# Triangular Tables

Alignments to Content Standards: 6.EE.B

A classroom has triangular tables. There is enough space at each side of a table to seat one child. The tables in the class are arranged in a row (as shown in the picture below). 1. How many children can sit around 1 table? Around a row of two tables? Around a row of three tables?

2. Find an algebraic expression that describes the number of children that can sit around a row of $n$ tables. Explain in words how you found your expression.

3. If you could make a row of 125 tables, how many children would be able to sit around it?

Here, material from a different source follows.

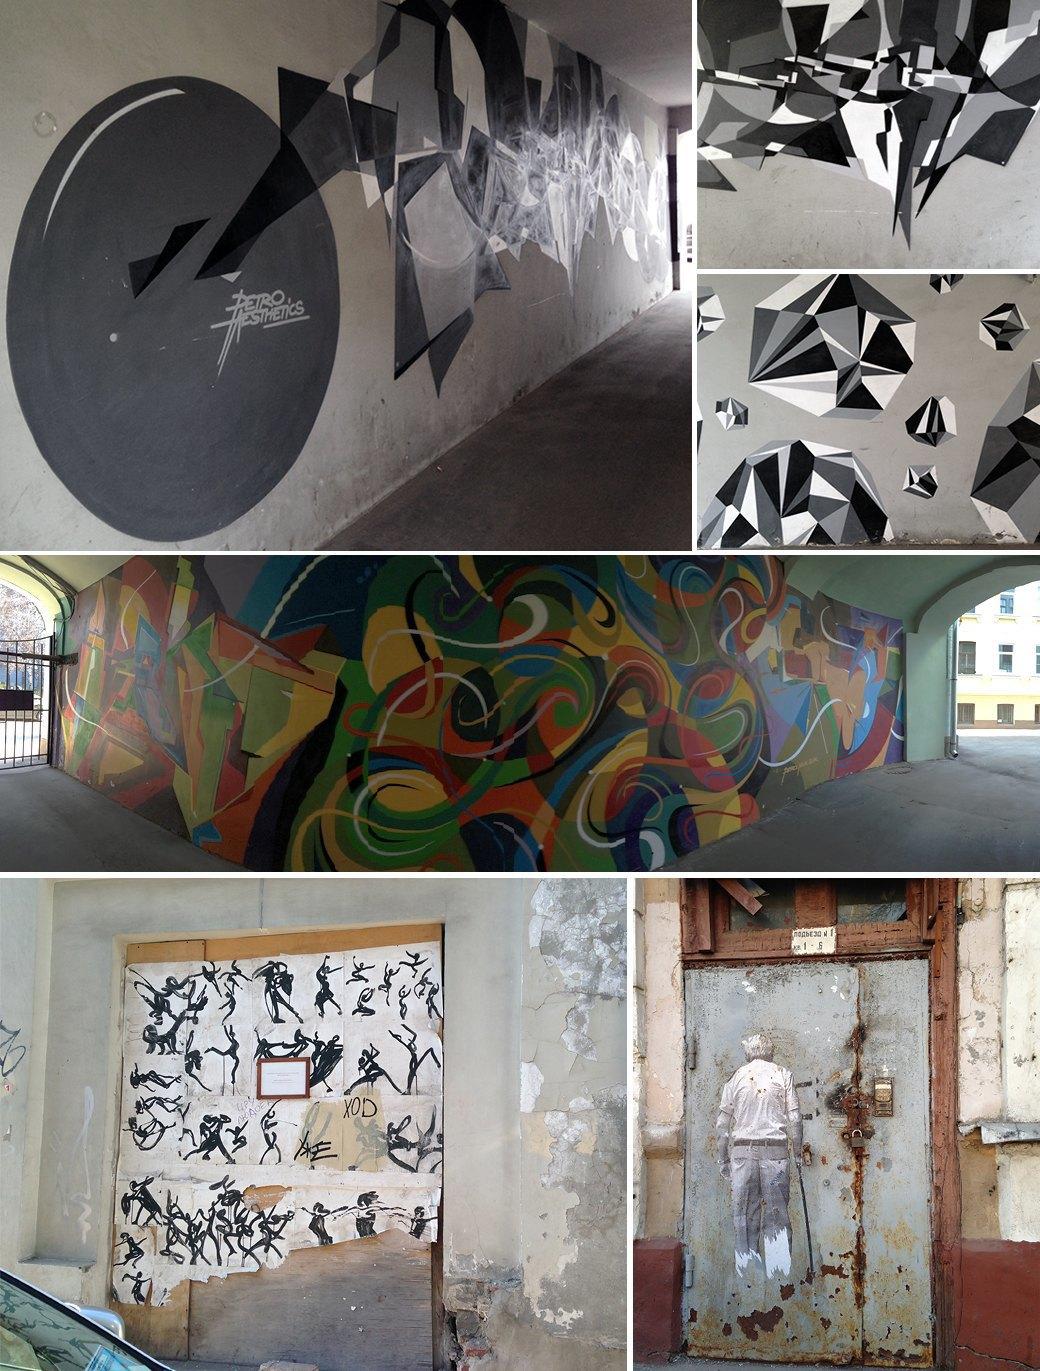 Стена славы: Новая граффити-карта Москвы. Изображение № 11.

4. If there are 26 children in the class, how many tables will the teacher need to seat all the children around a row of tables?

## IM Commentary

This task provides a good opportunity for group work and class discussions where students generate and compare equivalent expressions. In class discussion, students should be asked to connect the terms of an expression with quantities shown in the diagram. As part of the solution, students can make a table of values for increasing numbers of tables and seats and find a pattern. It is important that a discussion of the problem explicitly draws out how the diagram, the table of values, and the expressions are connected.

Part (c) of the question provides a good opportunity to discuss what might be a reasonable range of values for $n$, preparing students for the idea of the domain of a function later on.

## Solutions

Solution: Solution 1

1. Since one table has three sides and each seats one child, it follows that 3 children can sit around 1 table.

When two tables are put together in a row as pictured, then we can count the number of open sides around the perimeter of the two tables together, since an open side means one child can sit there. There are 4 sides that are open around the table, and so 4 children can sit around a row of 2 tables.

Using the same method as above, we see that when 3 tables are put into a row we will have 5 open sides around the tables. So, 5 children can sit around a row of 3 tables. 2. To find an expression that describes the number of children that can sit around a row of $n$ tables, we can consider the diagram below. We see that we can fit 1 child at each horizontal table side (black dots) plus 1 child on the left and one on the right (white dots). So we have:

$$\text{children that can sit at } n \text{ tables} = n + 1 + 1 = n + 2$$ Another way to think about counting seats is shown in the picture below. The first table seats two children and the last table seats two children (white dots). All other $n - 2$ tables seat one child (black dots). So we have:

$$\text{children that can sit at } n \text{ tables} = 2 \cdot 2 + (n - 2) \cdot 1 = 4 + (n - 2).$$ Other expressions are also possible, which are all equivalent to $n + 2$.

3. Using our expression from part (b), with $n=125$, we see that

$$n + 2 = 125 + 2 = 127,$$

so 127 children can sit around a row of 125 tables.

4. Using our expression from before we know that a row of $n$ tables seats $n + 2$ children. If we want to seat 26 children we need to find n such that $n + 2 = 26$. So we have $n = 24$, which means that the teacher needs 24 tables to seat all students in the class.

Solution: Solution 2

1. See Solution 1
2. We can summarize the numbers we found in the solution above in a table of values:

number of tables, $n$ number of seats
1 3
2 4
3 5

Looking at a few more examples, with 4 and 5 tables forming a row, we can extend our table of values:

number of tables, $n$ number of seats
1 3
2 4
3 5
4 6
5 7

We notice the pattern, that the number of seats is equal to the number of tables plus 2. So we have:

$$\text{children that can sit at } n \text{ tables} = n + 2.$$
3. See Solution 1
4. See Solution 1